Spatio-temporal Modelling of Dengue Risk: Towards an Early Warning System for Brazil
Speaker: Professor Trevor Bailey, College of Engineering, Mathematics and Physical Sciences, University of Exeter
Date: Friday 2nd October 2015
Time: 3pm – 4pm
Location: Room 1.01, Seminar Room, Agriculture Building
Abstract:
The transmission of many infectious diseases can be affected by weather and climate variability, particularly those spread by arthropod vectors such as malaria and dengue. Previous epidemiological studies have demonstrated statistically significant associations between the incidence of such infectious diseases and climate variability, and have highlighted the potential for developing climate-based early warning systems for associated demics.

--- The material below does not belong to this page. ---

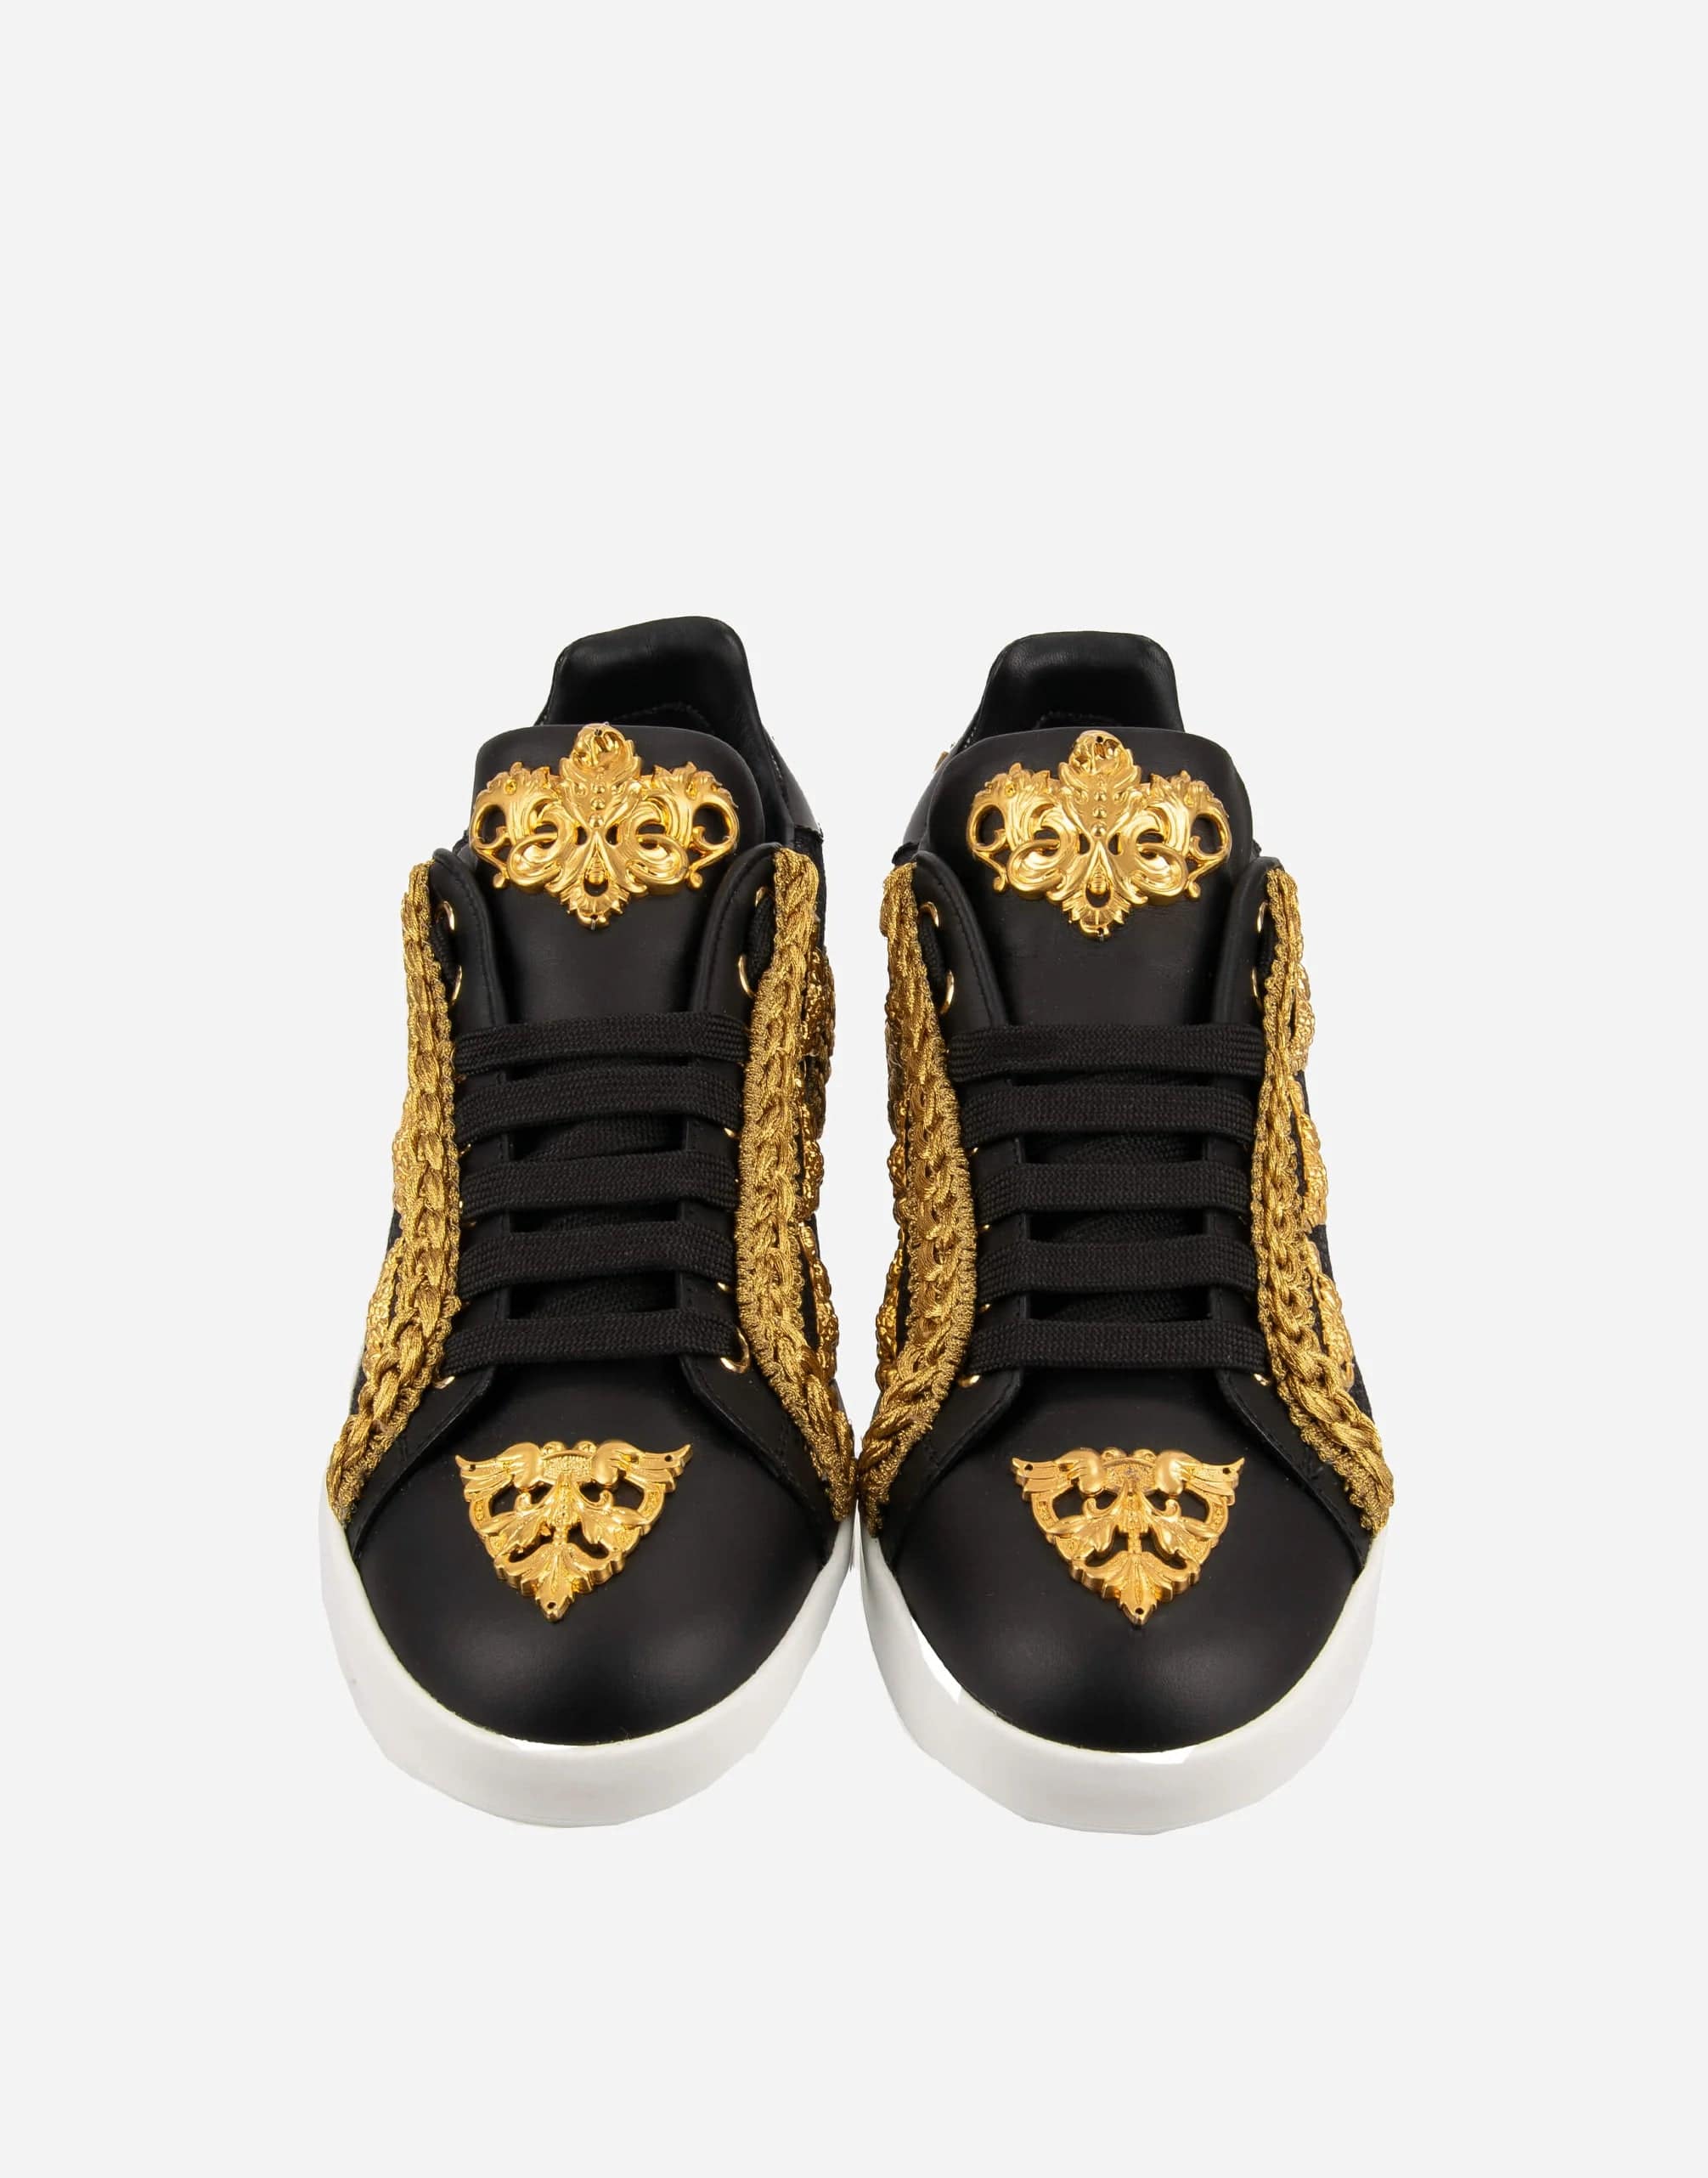 Dolce & Gabbana Dolce & Gabbana Baroque Pearl Portofino Sneakers

Dengue fever is now one of the most important emerging climate sensitive tropical diseases worldwide and Brazil experiences a higher morbidity from this disease than any other country. This talk describes results from a Brazil-UK collaborative project that modelled the spatio-temporal variation in dengue fever risk in Brazil using climate and non-climate information, with a view to
developing a national early warning system for dengue epidemics.
A negative binomial generalised linear mixed model is developed which makes allowances for unobserved confounding factors through a combination of structured and unstructured spatio-temporal random effects. The resulting spatio-temporal hierarchical model is implemented via a Bayesian framework using Markov Chain Monte Carlo (MCMC). Using the model, posterior predictive distributions for disease risk can be derived at each spatial location for a given month or season. This allows probabilistic forecasts to be issued and forecast uncertainty to be quantified.